Sunday, March 8, 2015

What’s Changed About the Standard of Living 1

Cato Unbound is running a series of 4 op-eds about how the standard of living has changed in the U.S. over the last several decades.

They let the conservatives go first, so go and read Megan McArdle and Brink Lindsey.

Here’s Megan:

We should never pooh-pooh economic progress. As P.J. O’Rourke once remarked, I have one word for people who think that we live in a degenerate era fallen from a blessed past full of bounty and ease, and that word is “dentistry.”

… Changes in job and family structure that have made the lives of people who are indisputably vastly materially richer than my young grandparents were, nonetheless feel much more precarious.
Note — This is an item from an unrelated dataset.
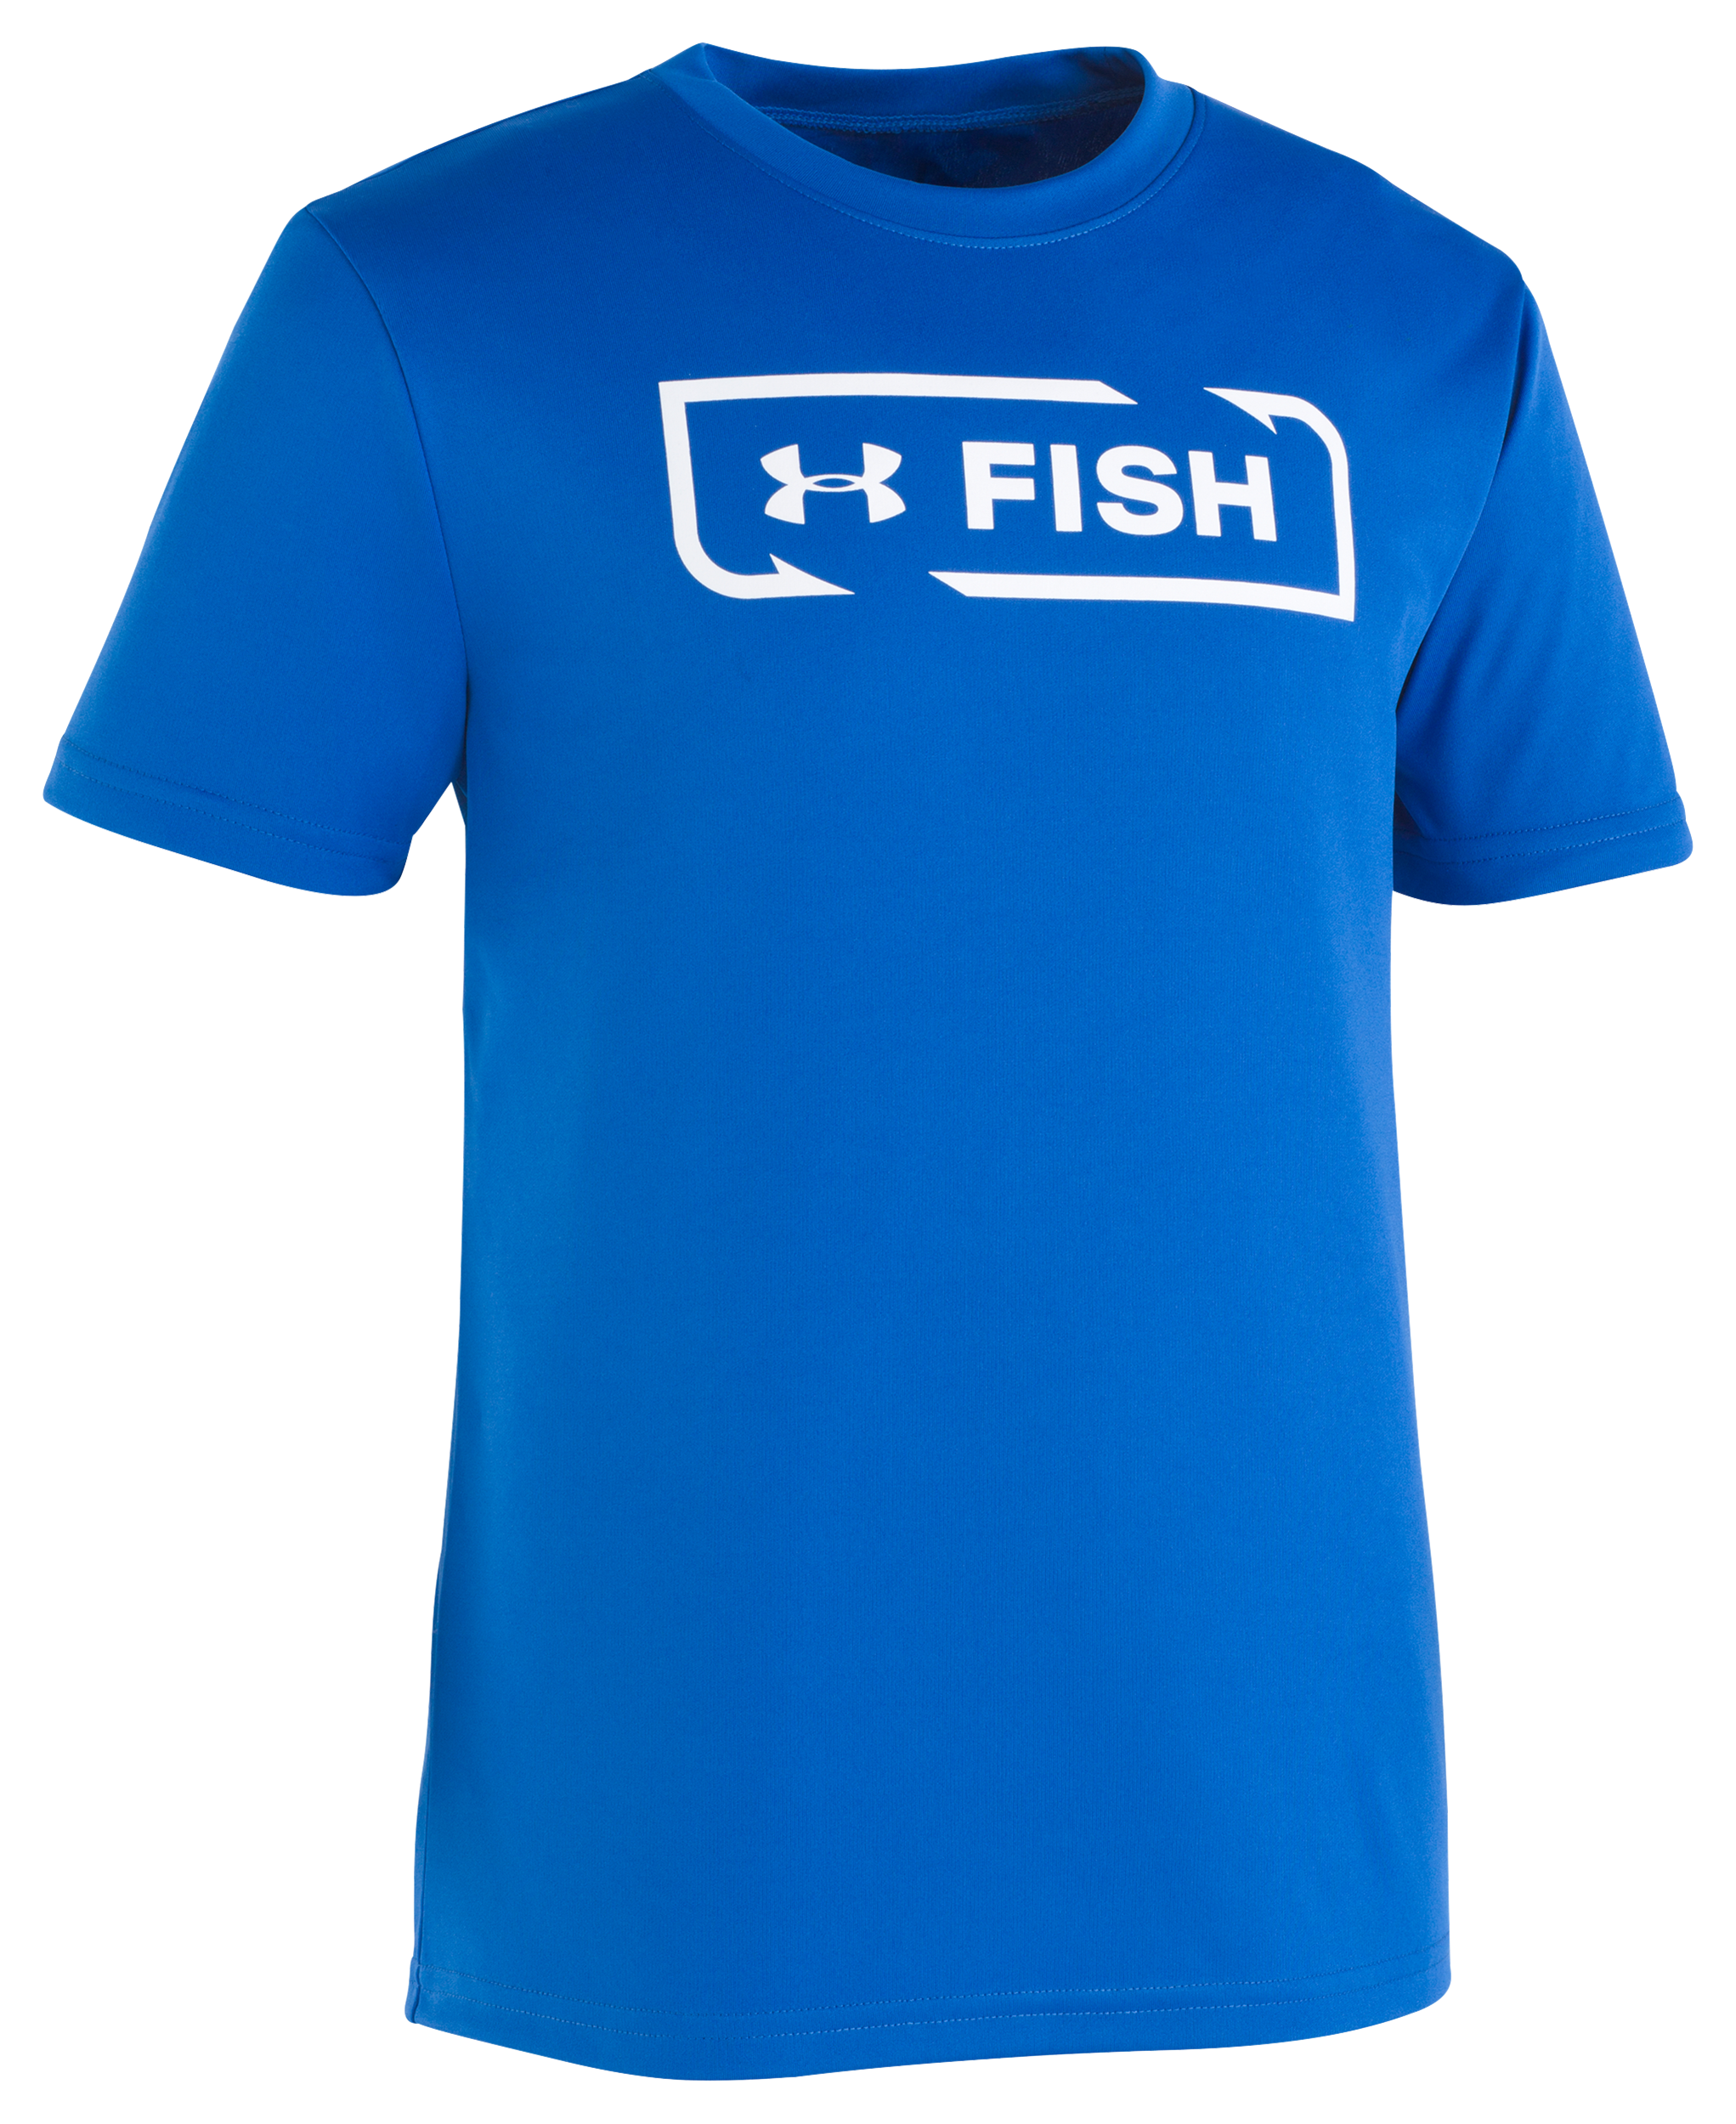 Under Armour Fish Logo T-Shirt for Toddlers or Kids

We look into the numbers and think we’re seeing hard facts. But in fact, like someone reading tea leaves, we are projecting our intangible impressions onto an ambiguous picture.

Here’s Brink:

As the comedian Louis C. K. put it, “Everything’s amazing and nobody’s happy.”

In contemporary society, paid employment along with marriage and childrearing are far and away the most important social relationships we have. They ground our personal identities and imbue our lives with meaning and purpose. Yet these vital interpersonal connections are now fraying badly.

Remind me in a few weeks if I don’t post what the two liberals have to say.

FWIW: Both Megan McArdle and Brink Lindsey would probably object to my label of conservative. I think they both would like classical-liberal, but few know what that means. I think Lindsey probably votes Republican, but would call himself a libertarian. McArdle is much more eclectic.